- TASK STATEMENT
Reproduce the data that follows character for character, but omit its pictures.

-------- GIVEN INFORMATION

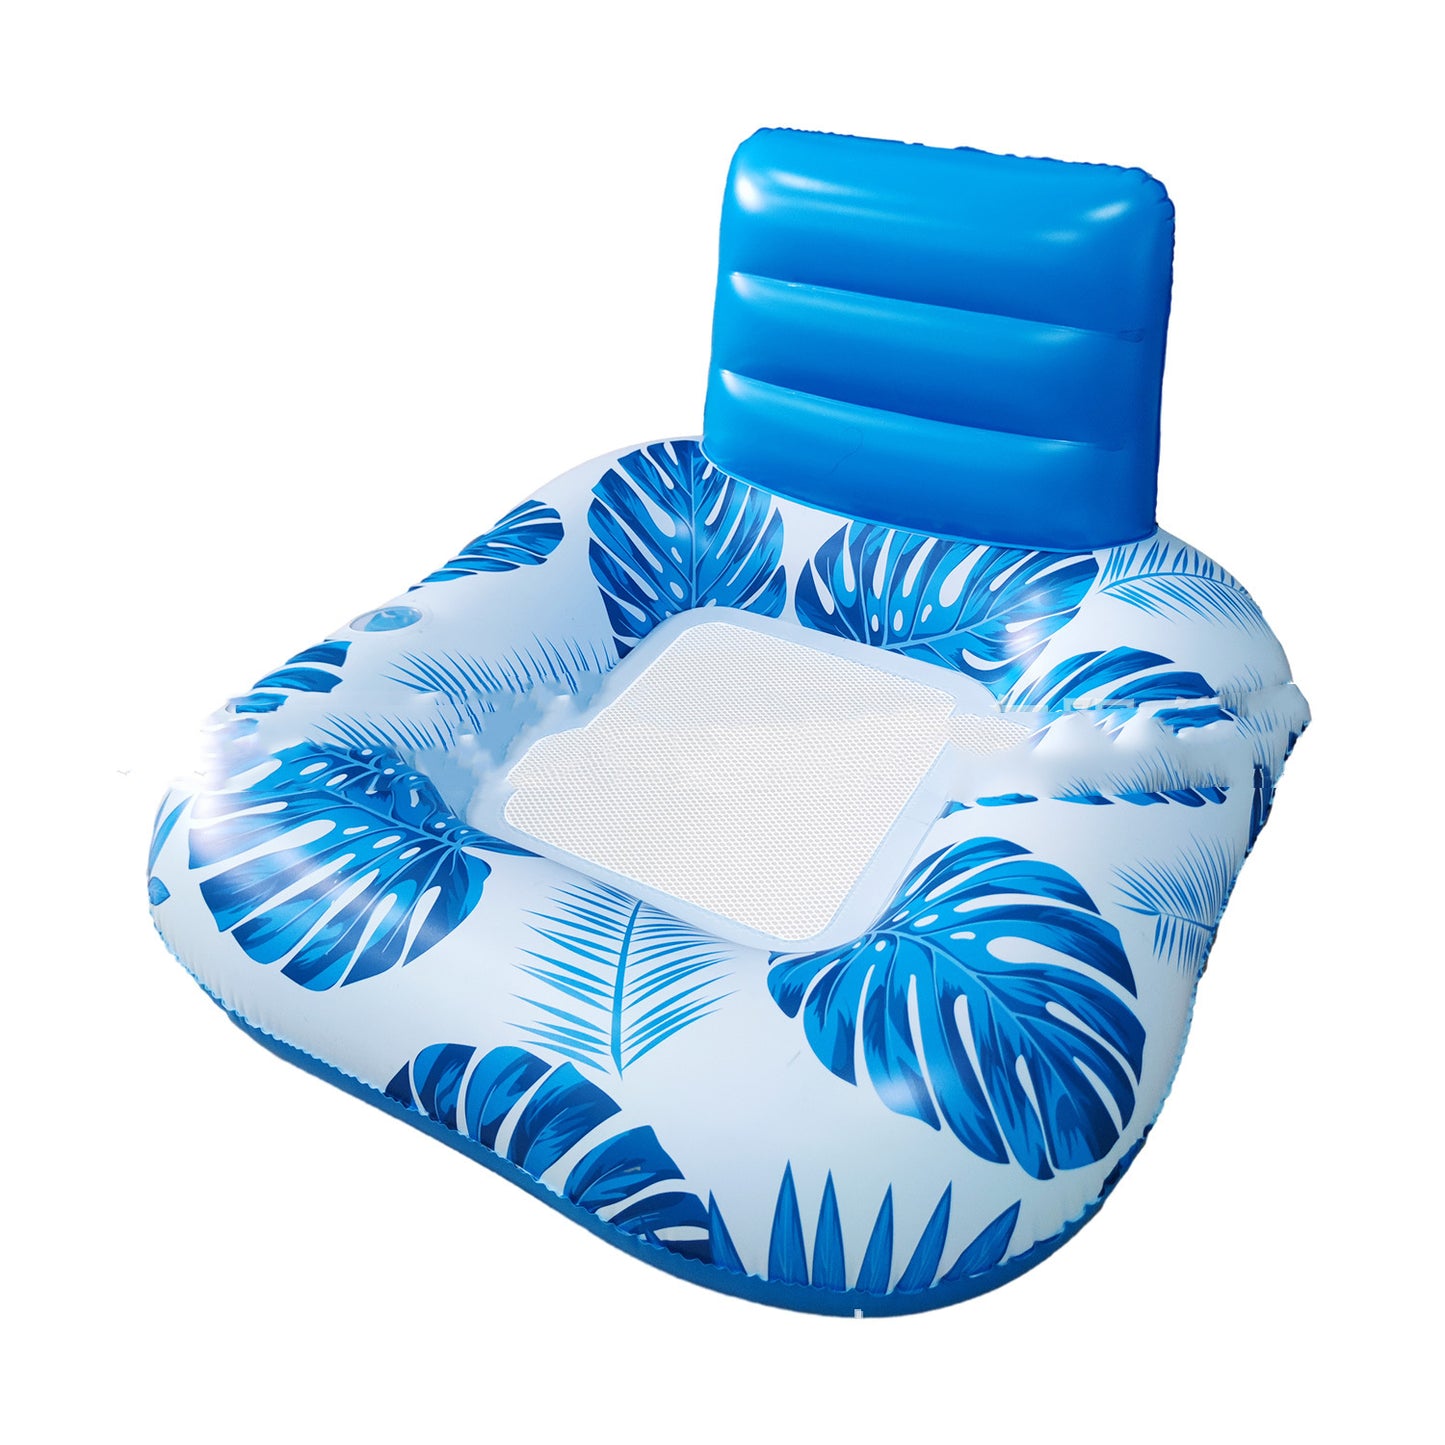 Inflatable Water Floating Seat Swim Ring Float
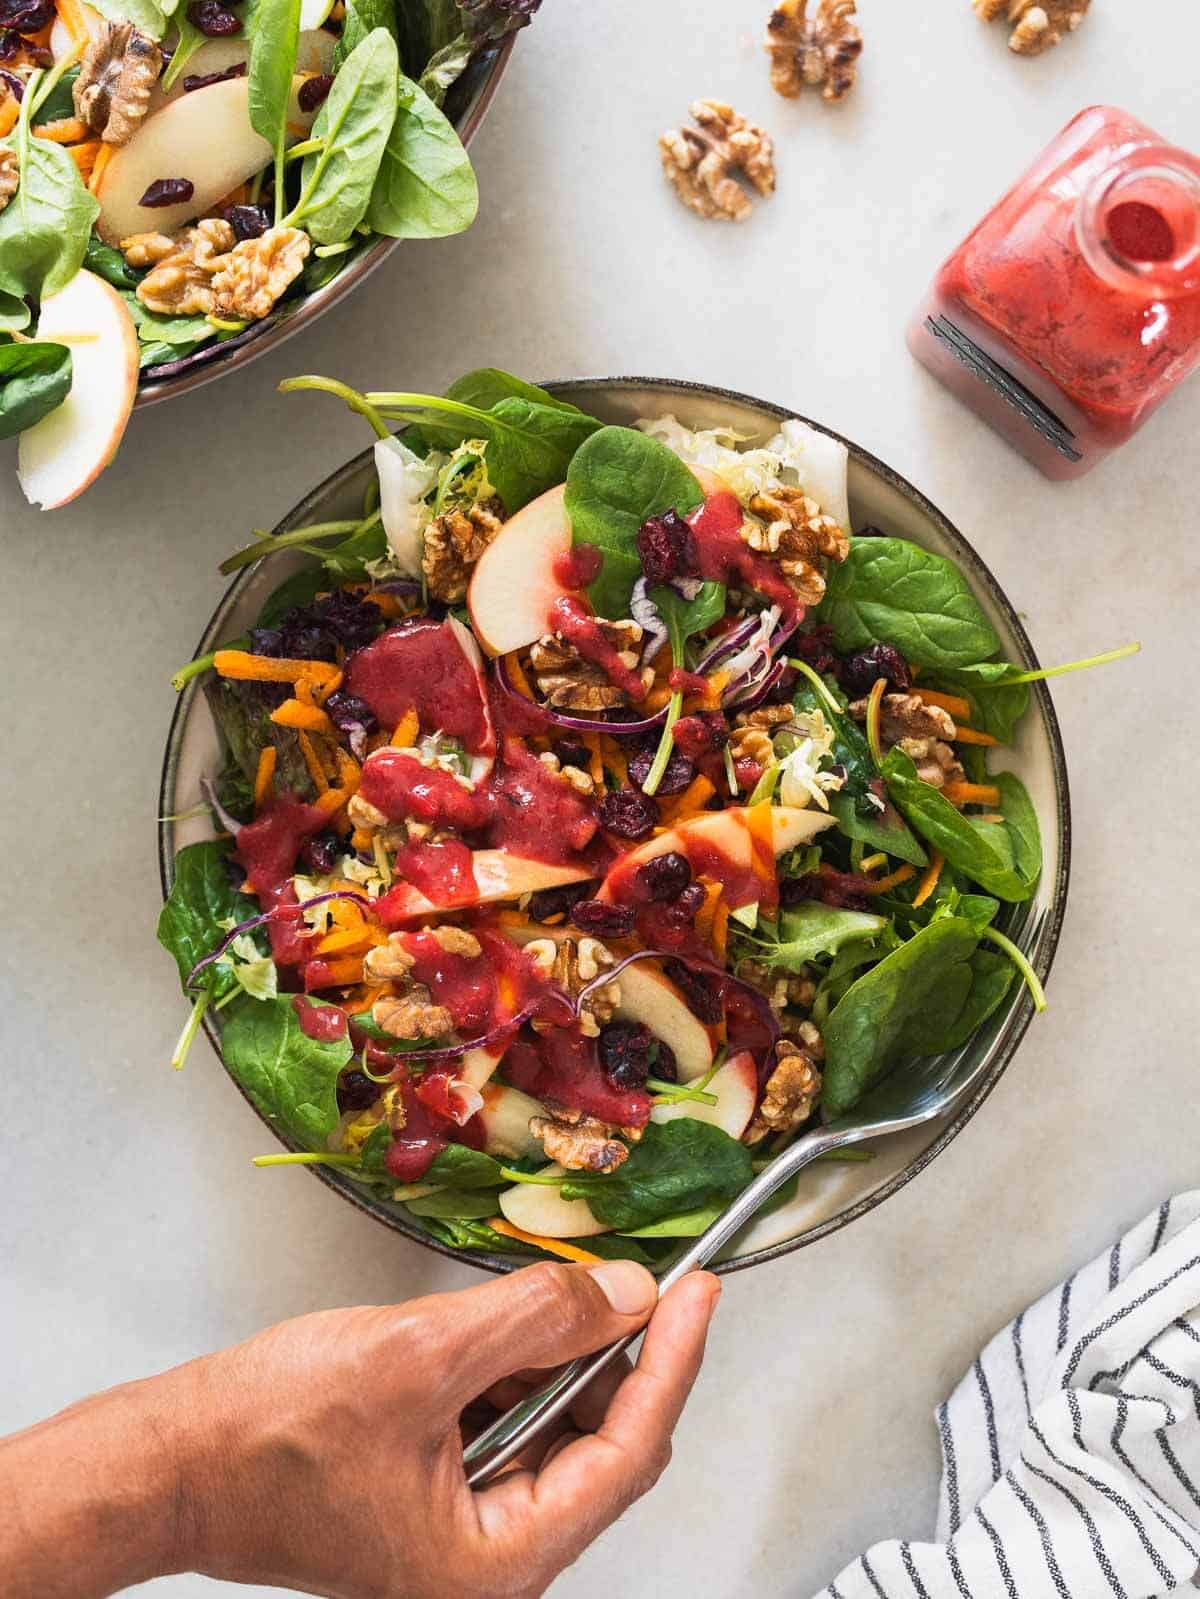 dress the apple spinach salad with the raspberry dressing.
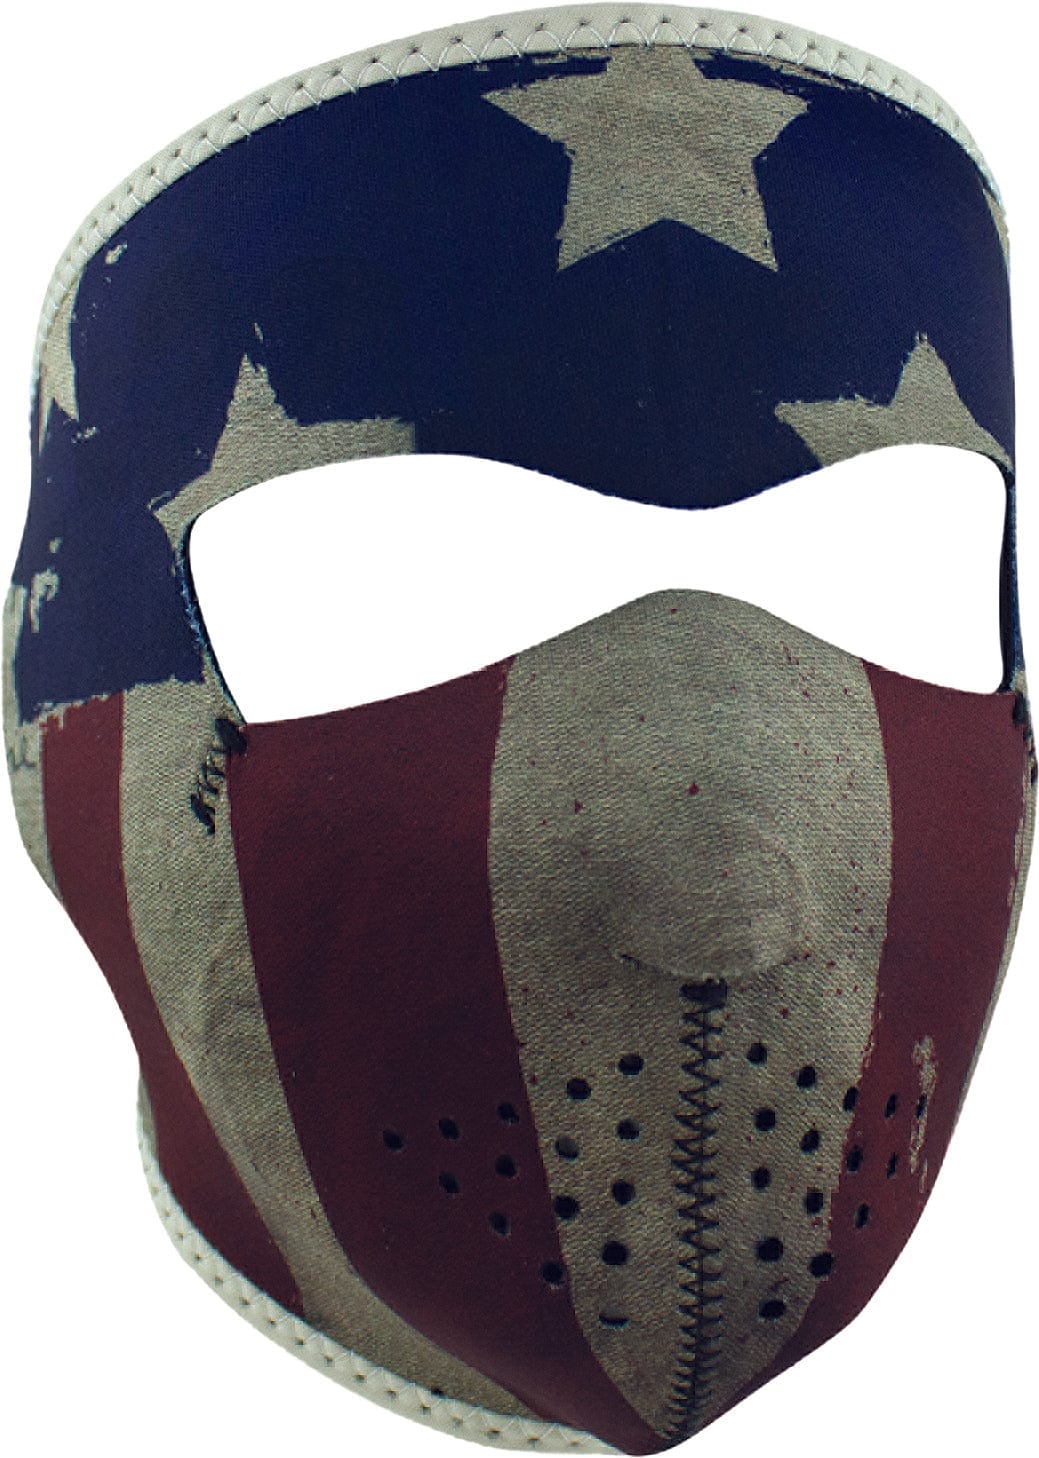 Western Powersports Facemask Patriot Full Face Mask by Zan WNFM408

----------------

- EXERCISE RESPONSE
 Inflatable Water Floating Seat Swim Ring Float
 dress the apple spinach salad with the raspberry dressing.
 Western Powersports Facemask Patriot Full Face Mask by Zan WNFM408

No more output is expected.